Records for the task>
# # #
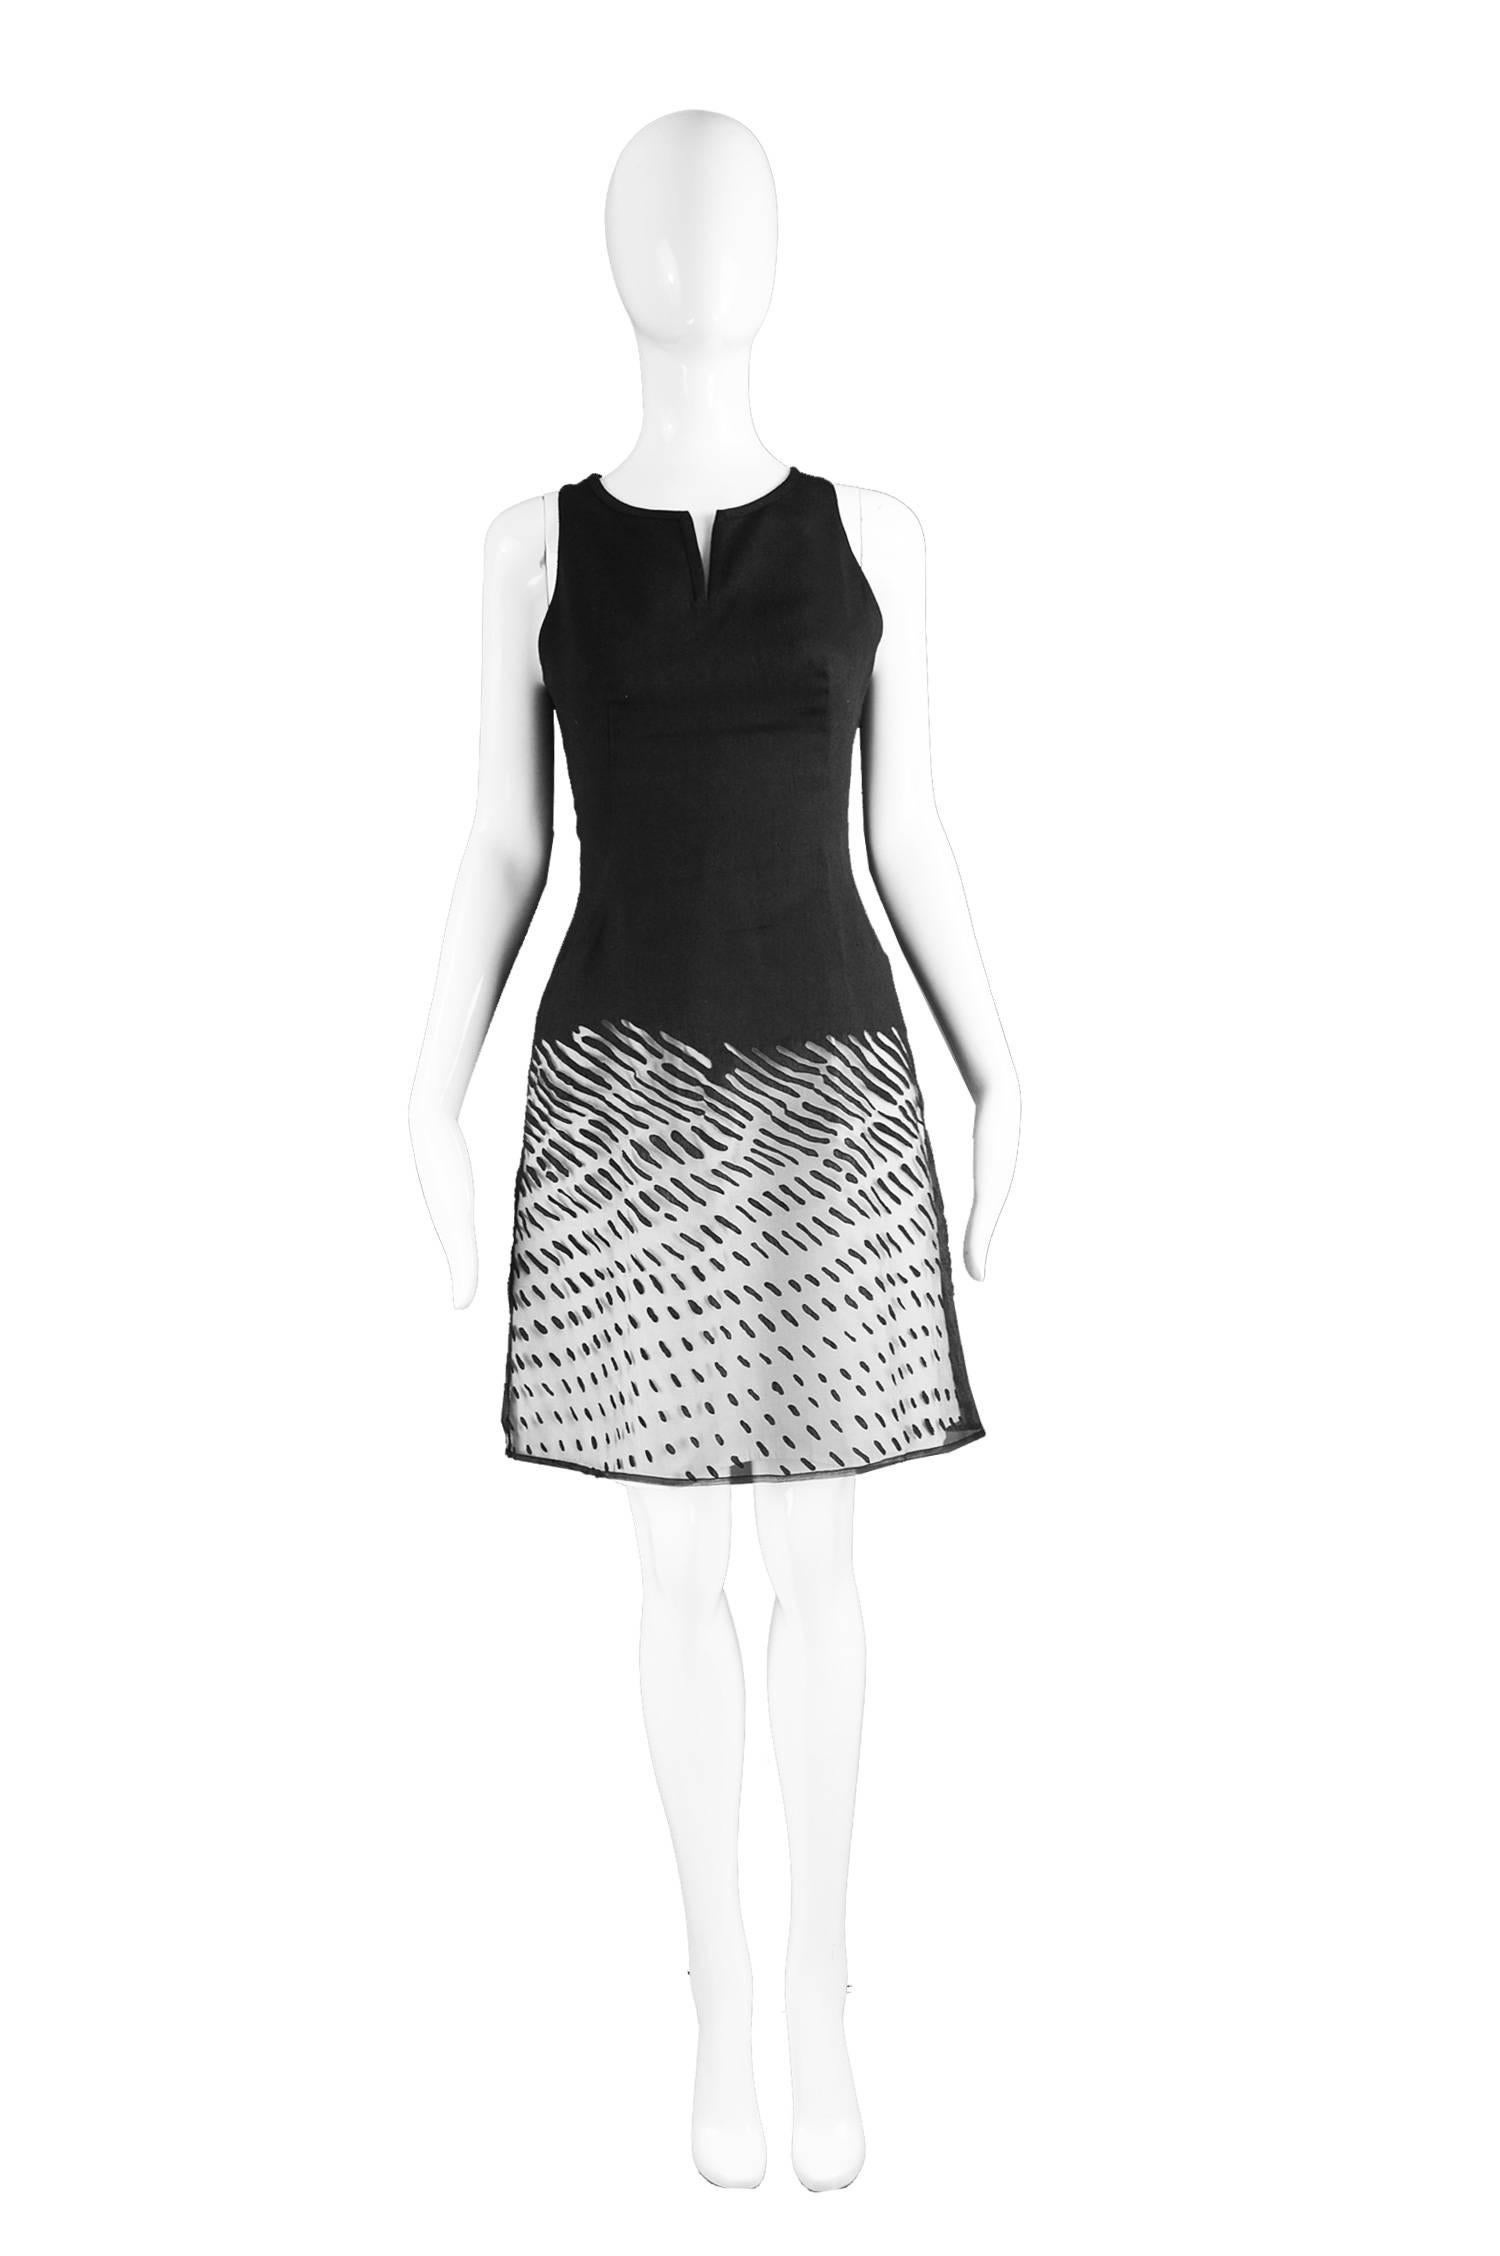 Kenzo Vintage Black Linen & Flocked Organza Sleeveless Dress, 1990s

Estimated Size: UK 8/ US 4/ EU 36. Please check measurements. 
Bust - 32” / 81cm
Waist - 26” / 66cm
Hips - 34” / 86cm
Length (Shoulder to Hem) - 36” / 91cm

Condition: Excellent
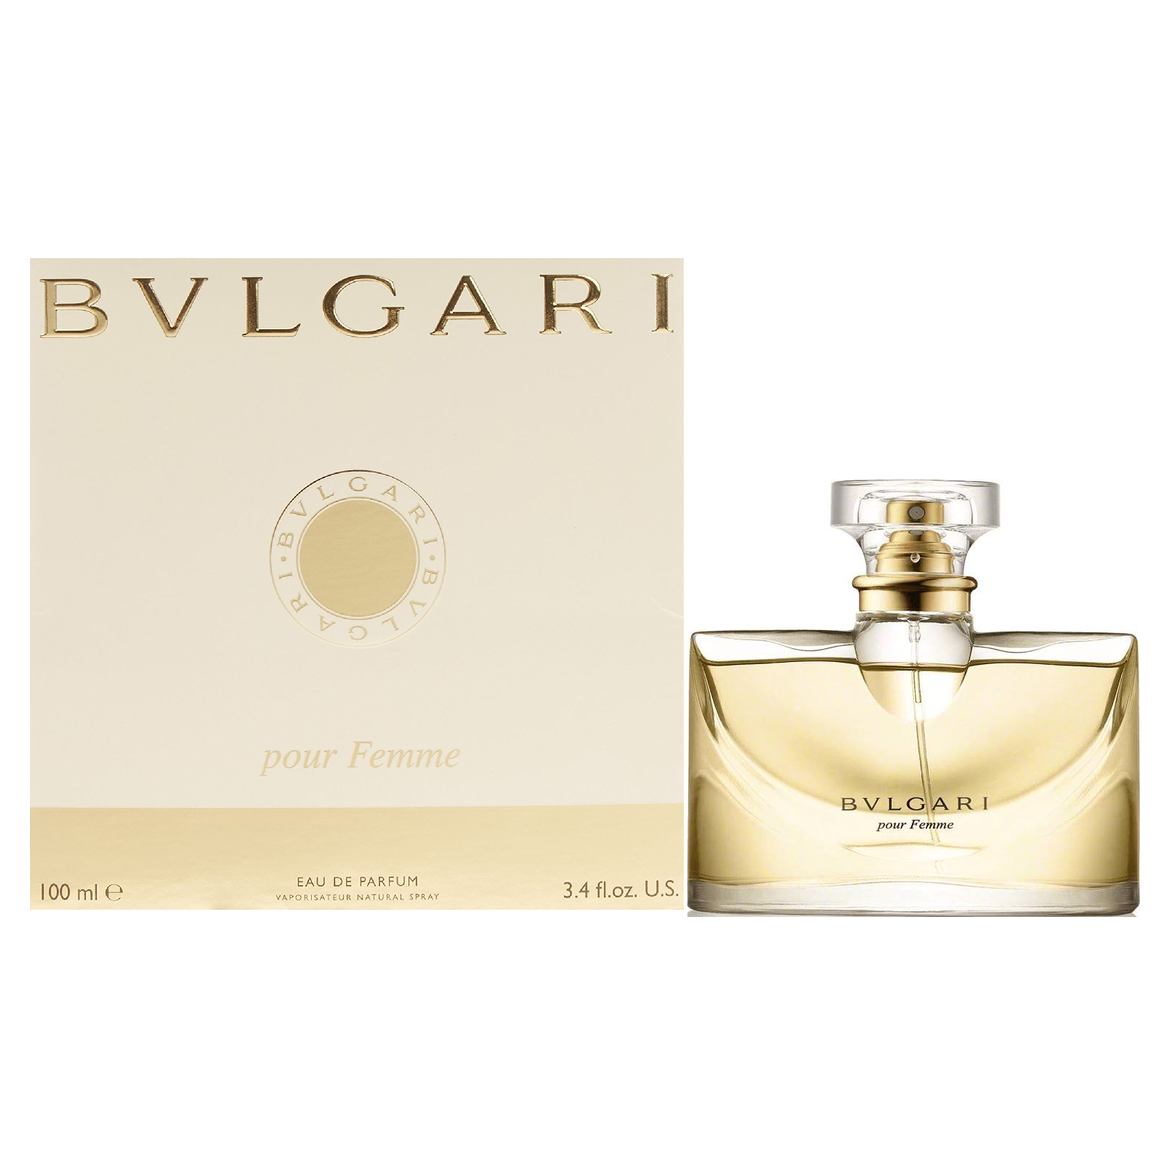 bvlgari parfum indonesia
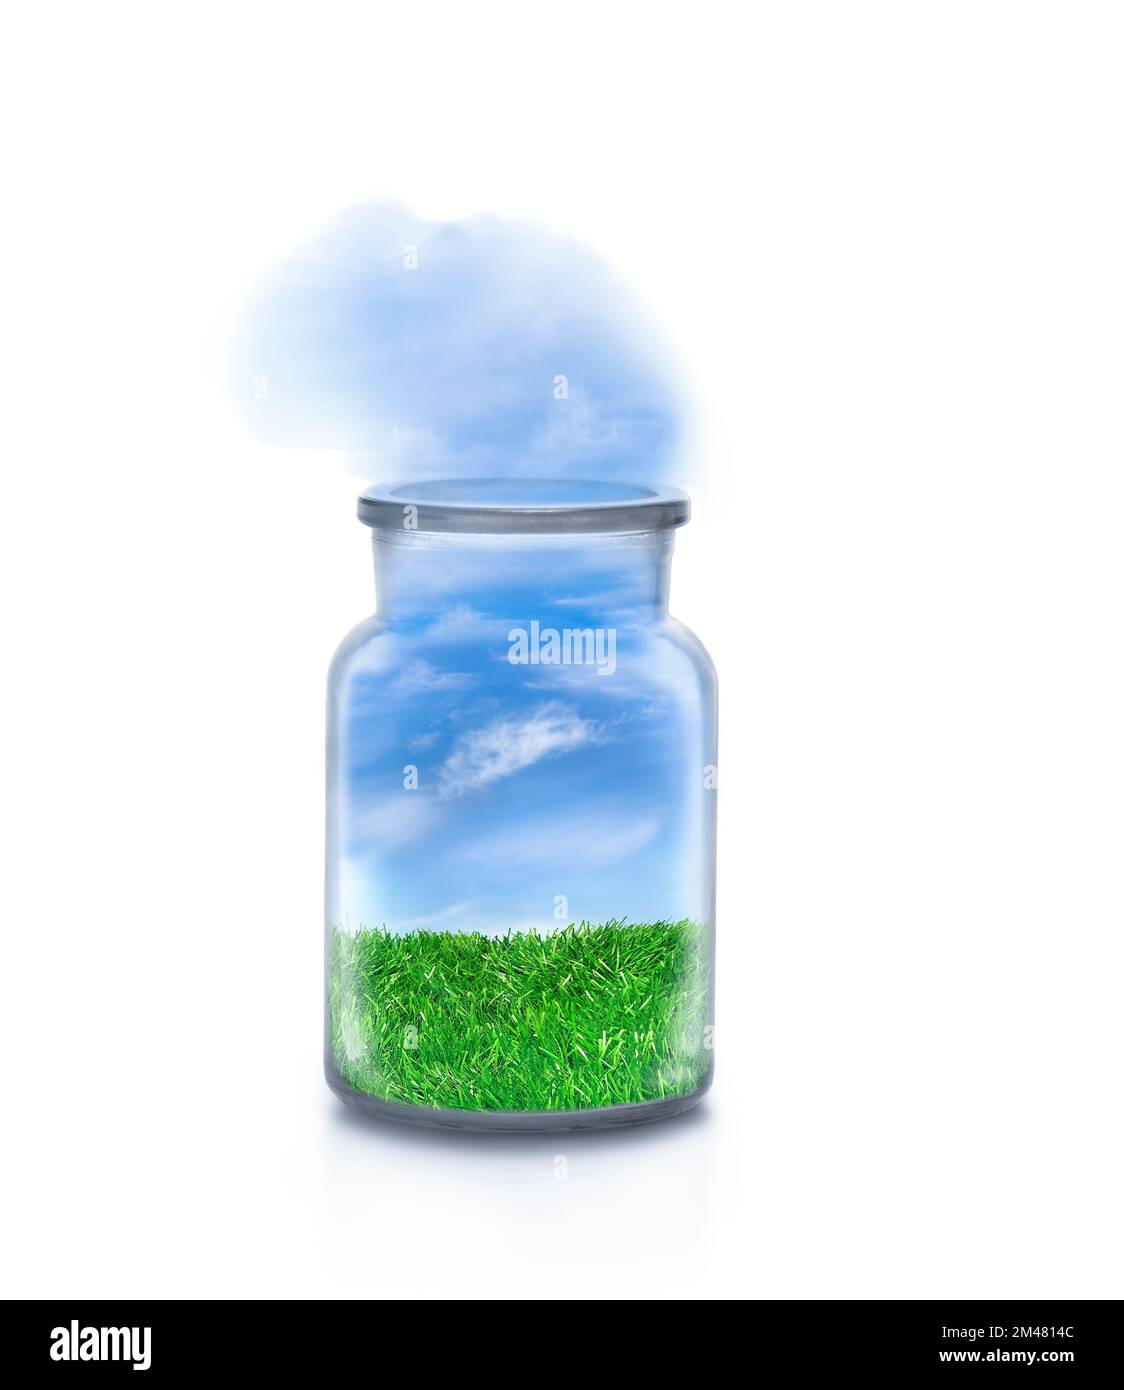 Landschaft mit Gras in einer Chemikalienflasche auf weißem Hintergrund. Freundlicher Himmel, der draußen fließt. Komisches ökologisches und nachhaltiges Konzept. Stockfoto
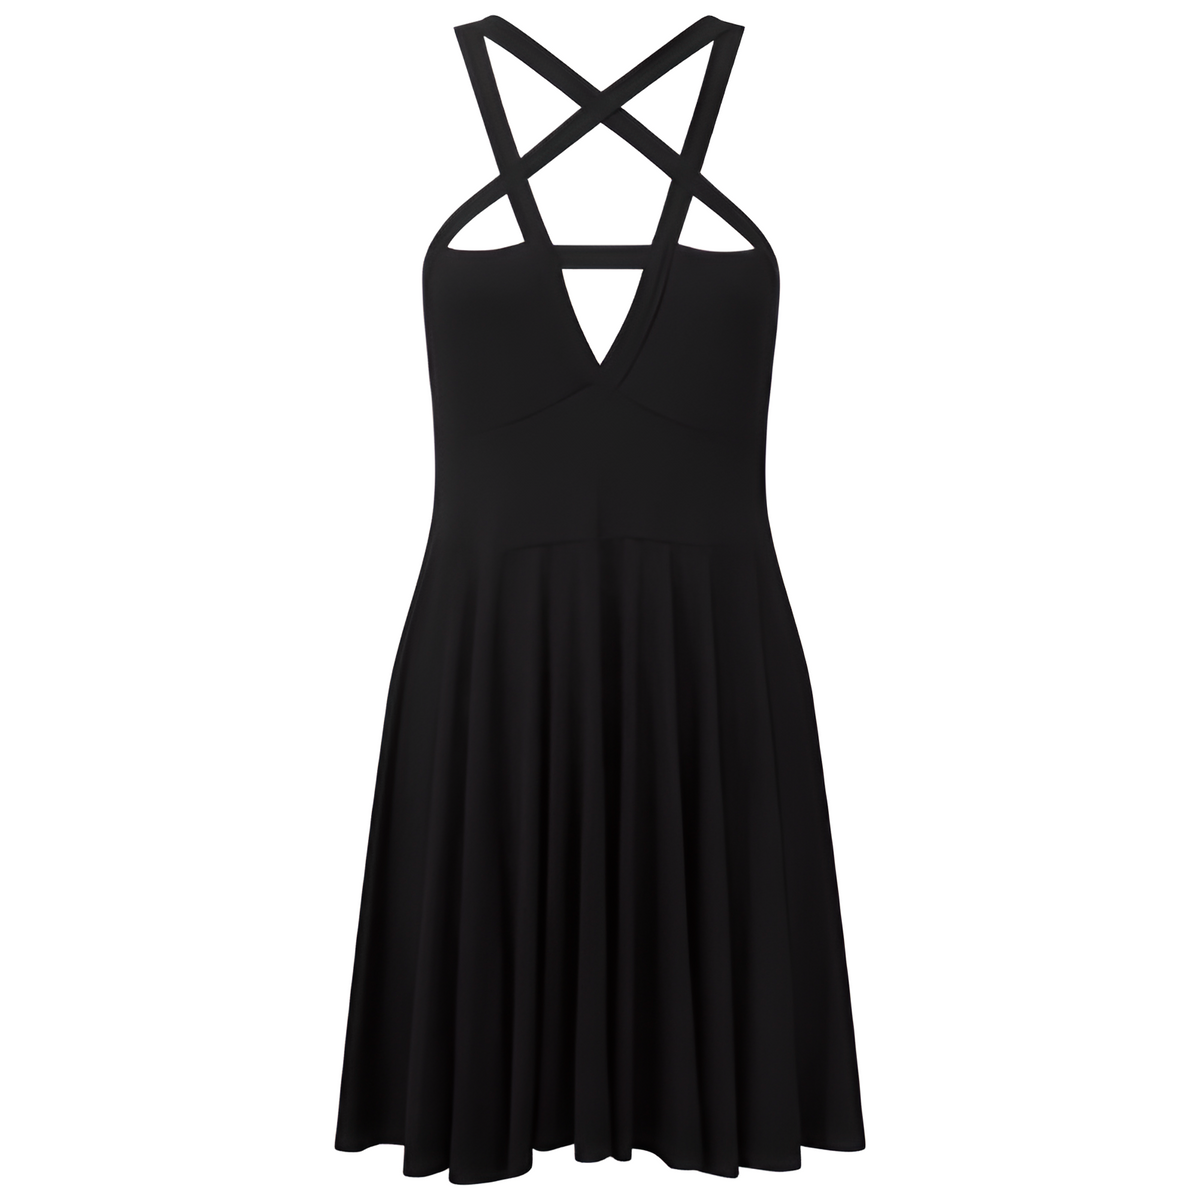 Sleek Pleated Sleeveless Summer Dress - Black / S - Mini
# # #
Assignment> Write out the material above precisely, leaving each picture behind.

Your response>
 Kenzo Vintage Black Linen & Flocked Organza Sleeveless Dress, 1990s

Estimated Size: UK 8/ US 4/ EU 36. Please check measurements. 
Bust - 32” / 81cm
Waist - 26” / 66cm
Hips - 34” / 86cm
Length (Shoulder to Hem) - 36” / 91cm

Condition: Excellent
 bvlgari parfum indonesia
 Landschaft mit Gras in einer Chemikalienflasche auf weißem Hintergrund. Freundlicher Himmel, der draußen fließt. Komisches ökologisches und nachhaltiges Konzept. Stockfoto
 Sleek Pleated Sleeveless Summer Dress - Black / S - Mini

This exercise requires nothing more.